Tamayo inicia sus Coloquios de Coyoacán en los que conversa con Víctor Alba con una frase demoledora; cuando Alba le pide que resuma la lección para crear algo bueno, Rufino responde: Saber pasar hambre.
Y cuánta hambre y críticas pasó por no apegarse al nacionalismo que el gobierno de la época exigía y al cual representaron fielmente Rivera, Siqueiros y Orozco; desde luego bajo el mecenazgo del Estado.
Pero Rufino dijo no. Yo soy pintor, no político. Mi arte es universal y humanista, no está al servicio de un discurso gubernamental.
Y le costó el aislamiento.
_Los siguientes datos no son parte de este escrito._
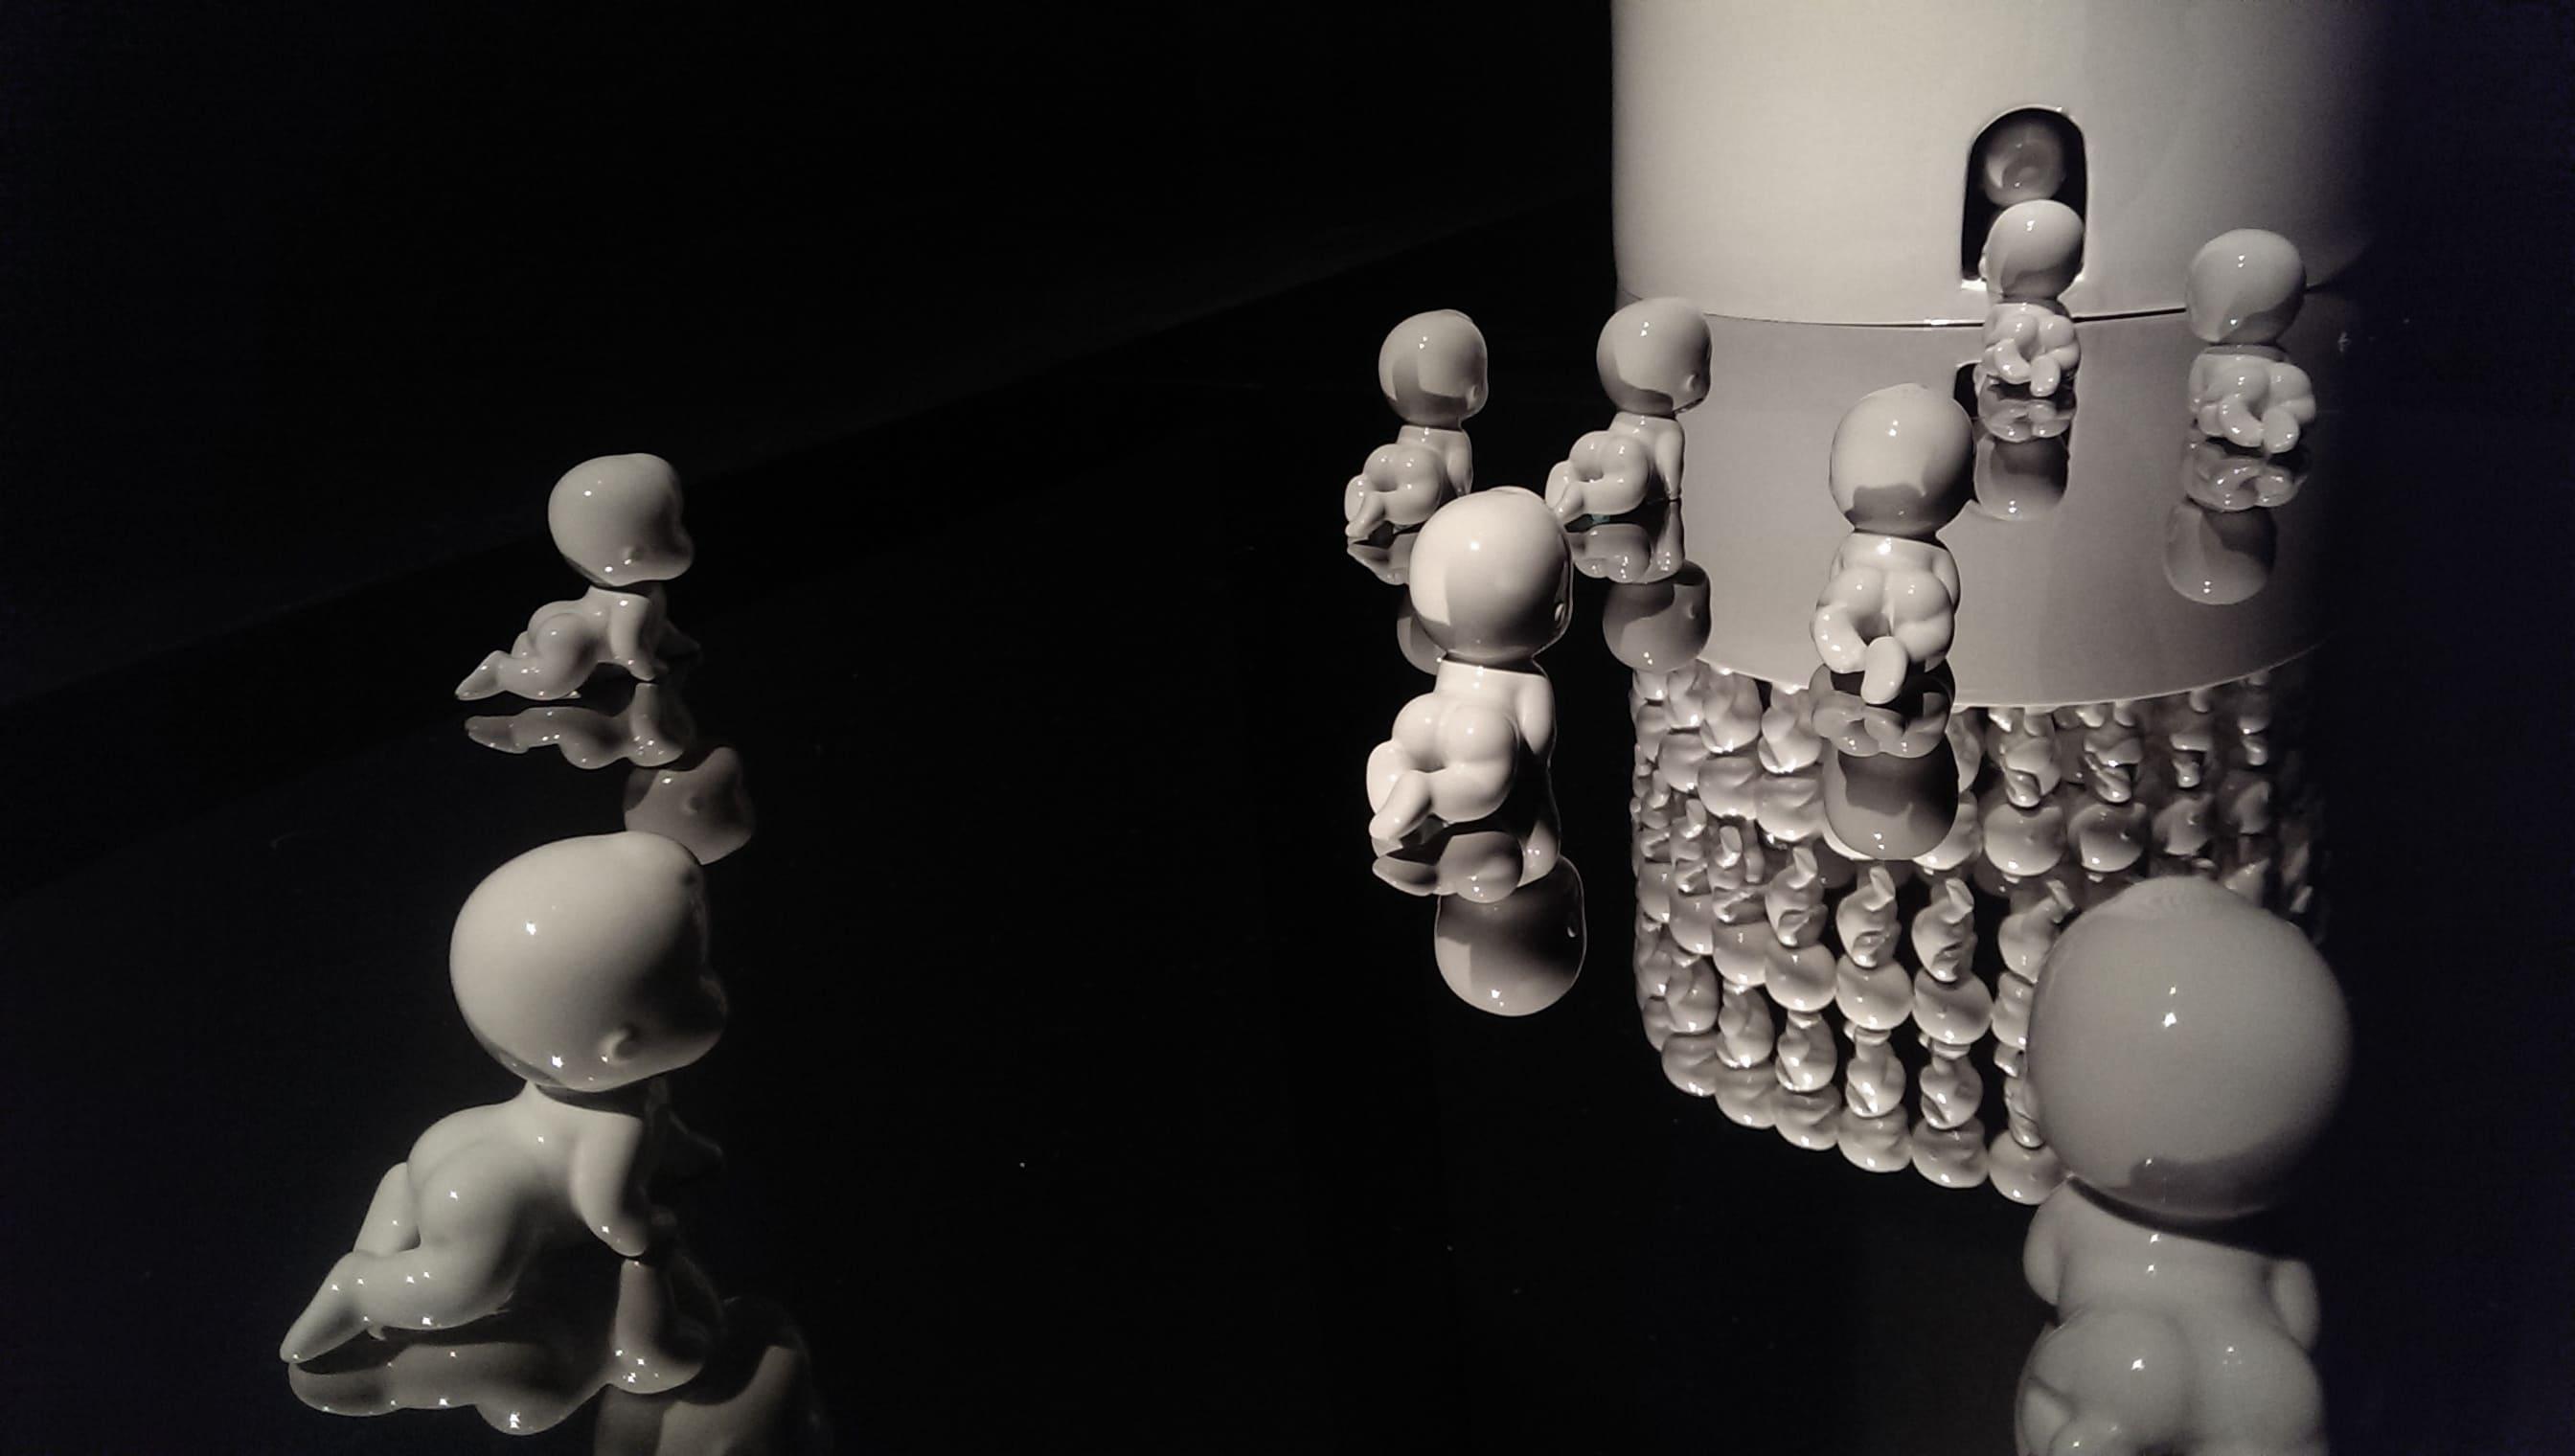 陶瓷博物館 / Yingge Ceramics Museum

Y aquel saber pasar hambre durante años, derivó en severos trastornos gástricos que lo acompañaron el resto de su vida.
Pero cuando Tamayo se convirtió en conocido pintor internacional y recibió reconocimientos en Japón, Europa, EEUU y Latinoamérica ¿adivinen qué? pues que entonces sí el gobierno se adjudicó el orgullo de que un pintor mexicano —aunque no mexicanista— tuviera tal alcance y tal talento.
Sucede una y otra vez con quienes reciben premios literarios, artísticos, académicos y deportivos. Bailarines, músicos, gimnastas y científicos que sin el menor apoyo consiguen abrir camino únicamente empujados por su pasión que luego el Estado se apropia y presume por todo lo alto “en el nombre de México”. Es indignante.
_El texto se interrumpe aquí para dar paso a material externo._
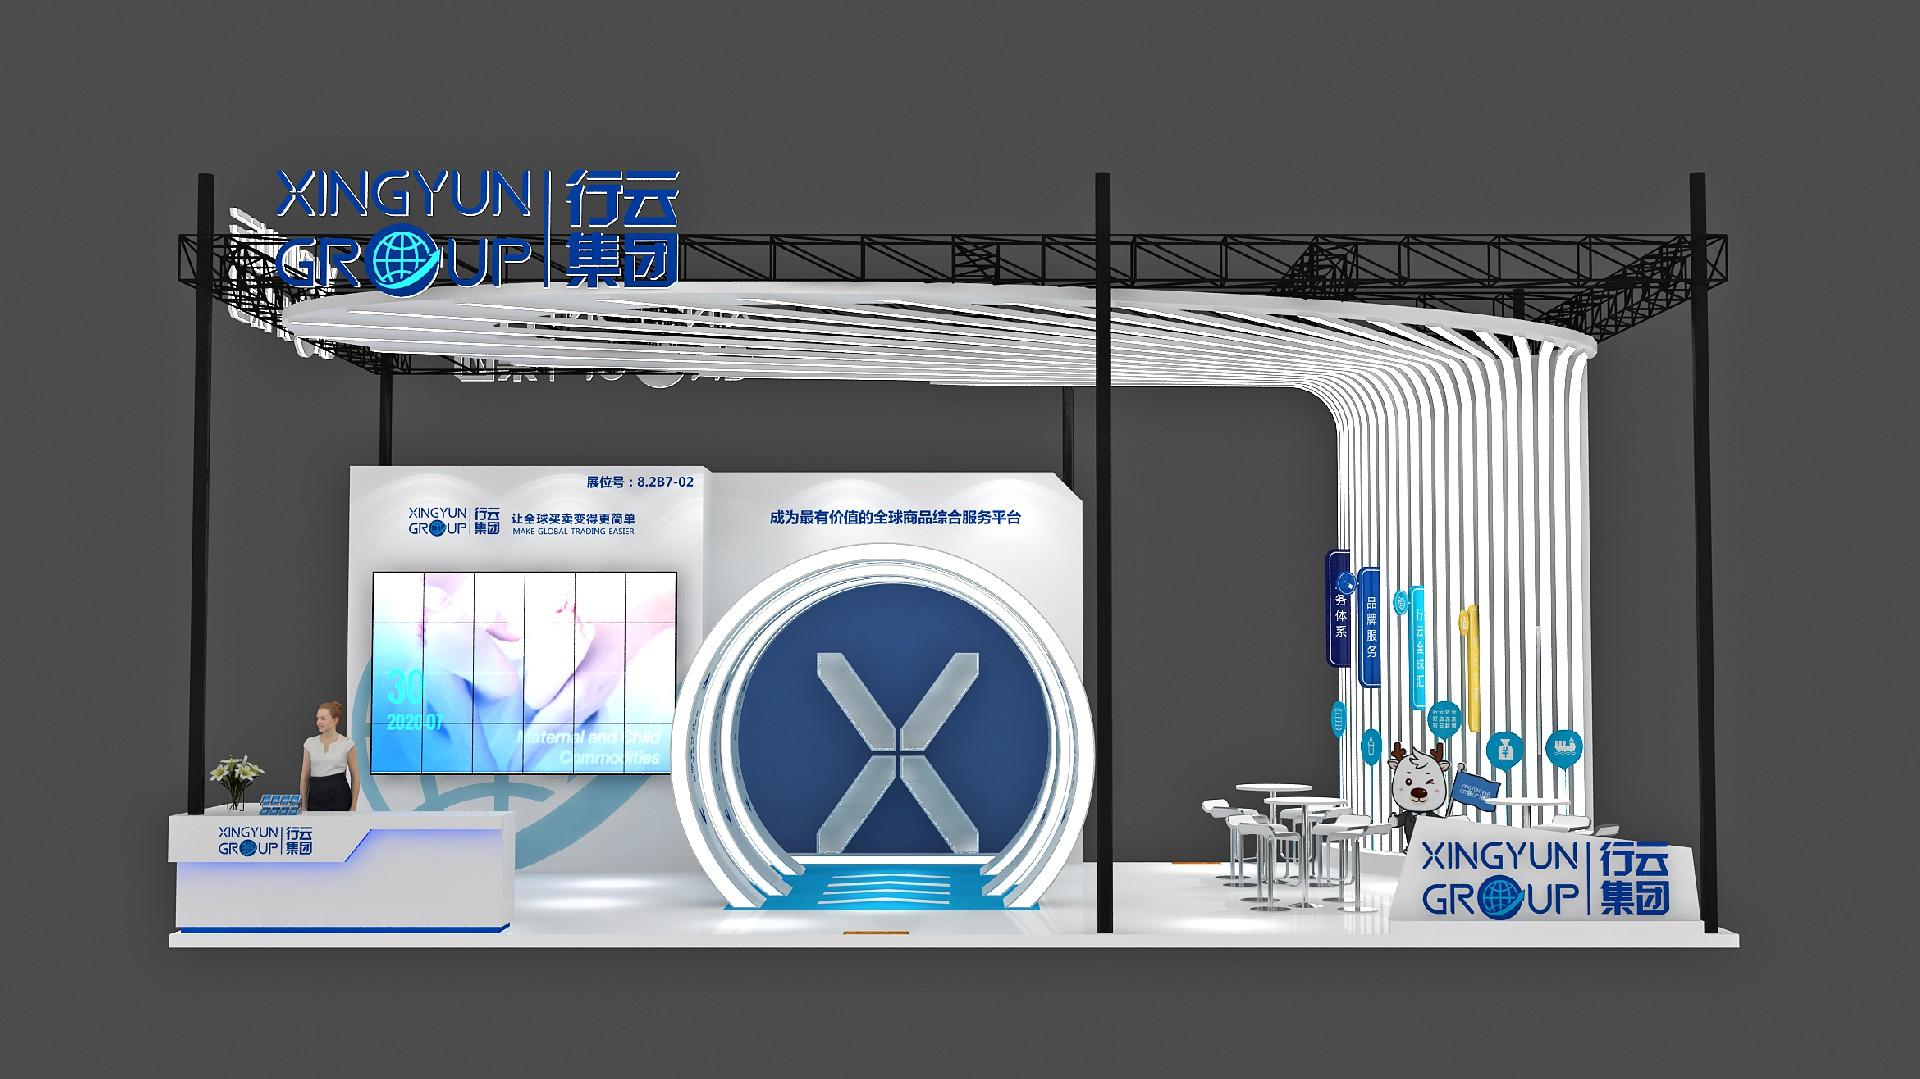 行云集团-2020年第三届进博会展台案例

Vuelvo a Rufino, que más adelante en los Coloquios dice: “Hay que trabajar, en el arte como en cualquier otra profesión, de modo regular, con tenacidad, ocho horas al día. Para ser pintor, hay que pintar”
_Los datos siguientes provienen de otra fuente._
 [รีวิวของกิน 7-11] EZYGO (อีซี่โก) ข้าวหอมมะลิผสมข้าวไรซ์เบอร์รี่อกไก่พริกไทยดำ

Atentos a lo que sigue y perdón de rodillas por simplificar el asunto pero es que intento explicar algo y tengo que seguir la lógica burda del planteamiento que nos tiene aquí: es curiosa la paradoja que representa el caso de Tamayo, pobre y artista.
El discurso de los defensores de la 4T y del propio presidente Andrés Manuel para justificar los recortes presupuestales en Cultura, es que primero hay que atender la pobreza.
Sí, somos un país con más de 50 millones de mexicanos en pobreza, ¿pero es que alguien de verdad cree que el dilema es elegir entre ser pobres o incultos? ¿pobres o mediocres?
Lo increíblemente despectivo, ofensivo y retrógrada es lo que ese mensaje entraña: que los pobres son subhumanos. Y, por lo tanto, sólo tienen necesidades de un espíritu menor, de un orden meramente físico, alimentario, si acaso patrimonial.
Una persona me decía que comprendía el recorte a Cultura porque él creció en pobreza y que llegar a la cultura era difícil. Y yo pensé: difícil pero no secundario. Yo también crecí pasando hambre junto a mis numerosos hermanos, viviendo en cuartos de servicio sin puerta, anhelando seguridad. Y sé que no hay tal disyuntiva, que es un planteamiento falaz. Que soy un ser humano completo y complejo que siente el mismo deseo de alimentarse que de acceder a experiencias culturales, al arte, a la belleza.
Por otro lado, si ustedes buscan el Presupuesto de Egresos de la Federación para el ejercicio del año 2019, verán que lo asignado a Cultura representa menos del 0.2%, cero punto dos, menos del cero punto cinco, muy lejos del uno por ciento. Punto una mierda.
¿Es de ahí donde pretenden compensar la inequidad social en México? No, pos sí.
El recorte a la de por sí raquítica partida de Cultura fue del 7.6% respecto del año pasado, el recorte a Medio ambiente —otro tema preocupante— del 29%.
Es una escandalosa evidencia de los intereses políticos pero poco estadistas que nos gobiernan. Desde luego las partidas que más crecieron tienen que ver con pensiones y apoyos sociales. Y aquí vuelvo a la paradoja.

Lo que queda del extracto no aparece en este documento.